Nicotianamine: A Key Player in Metal Homeostasis and Hyperaccumulation in Plants

Abstract

Nicotianamine (NA) is a low-molecular-weight N-containing metal-binding ligand, whose accumulation in plant organs changes under metal deficiency or excess. Although NA biosynthesis can be induced in vivo by various metals, this non-proteinogenic amino acid is mainly involved in the detoxification and transport of iron, zinc, nickel, copper and manganese. This review summarizes the current knowledge on NA biosynthesis and its regulation, considers the mechanisms of NA secretion by plant roots, as well as the mechanisms of intracellular transport of NA and its complexes with metals, and its role in radial and long-distance metal transport. Its role in metal tolerance is also discussed. The NA contents in excluders, storing metals primarily in roots, and in hyperaccumulators, accumulating metals mainly in shoots, are compared. The available data suggest that NA plays an important role in maintaining metal homeostasis and hyperaccumulation mechanisms. The study of metal-binding compounds is of interdisciplinary significance, not only regarding their effects on metal toxicity in plants, but also in connection with the development of biofortification approaches to increase the metal contents, primarily of iron and zinc, in agricultural plants, since the deficiency of these elements in food crops seriously affects human health.
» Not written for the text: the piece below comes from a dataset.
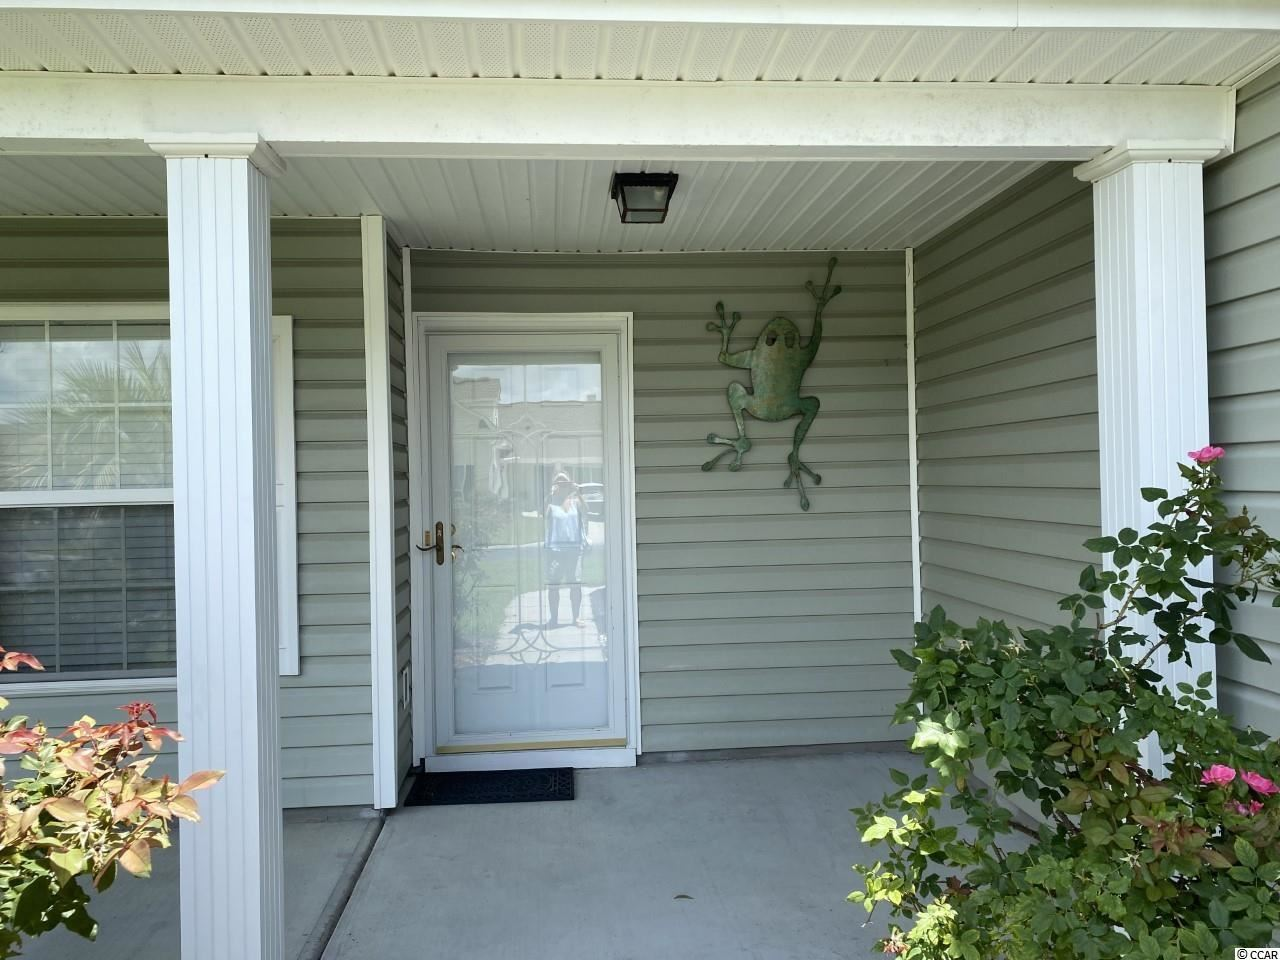 943 Corn Planters Circle, Calabash, NC, 28467, The Farm |Brunswick NC Home For Sale

Keywords: copper; iron; manganese; metal accumulation in plants; metal detoxification; metal homeostasis; metal remobilization; metal transport; nickel; nicotianamine; stress; zinc.

Figure 1

The role of nicotianamine in metal uptake, transport and detoxification in plants. The synthesis of nicotianamine (NA) from methionine is carried out in two steps involving the enzymes S-adenosylmethionine synthetase and nicotianamine synthetase, the latter being present not only in the cytosol but also in various organelles. The NA produced in the rhizodermal cells can be secreted into the rhizosphere via the efflux transporter of NA (ENA1). This is followed by the formation of complexes with metals (Me). In cereals, Me–NA complexes can be taken up by yellow stripe-like (YSL) transporters. Me–NA complexes formed in the cytosol of root rhizodermal and cortical cells can be transported towards the central cylinder, which limits metal entry into the vacuoles of root cells and plays an important role in the mechanism of hyperaccumulation (shown by arrows highlighted in red). Nicotianamine can be transported across the tonoplast via the zinc-induced facilitator 1 (ZIF1) transporter and is probably partially involved in metal binding inside the vacuole, although the stability of NA complexes with metals at the vacuolar sap pH is low. The loading of the Me–NA complexes into the xylem is carried out by YSL transporters. In addition, NA, as a symplastic chelator, can carry out metal delivery to a transporter, e.g., Zn to the P_1B-type ATPase HMA4. It has been suggested that NA can enter the xylem via the ENA transporter, but this requires further confirmation. In the xylem sap, due to the low pH value, Me–NA complexes are not stable and are partially degraded, and metals bind to organic acids (OAs), forming, for example, citrates and malates. Nicotianamine-dependent metal loading into the phloem in non-graminaceous species occurs with the participation of NA efflux transporters 1/2 (NAET1/2), which provide NA entry into secretory vesicles. Then, NA is secreted through exocytosis into the apoplastic space, where it forms Me–NA complexes, which are subsequently loaded into the phloem via the YSL transporter. In cereals, a similar mechanism involving 2′-deoxymugineic acid, which is synthesized from NA in mugineic acid (MA) vesicles, may function. The stability of Me–NA complexes in the phloem sap is higher than that in the xylem sap due to the higher pH values in the former. As a result, NA participates in long-distance metal transport mainly via the phloem.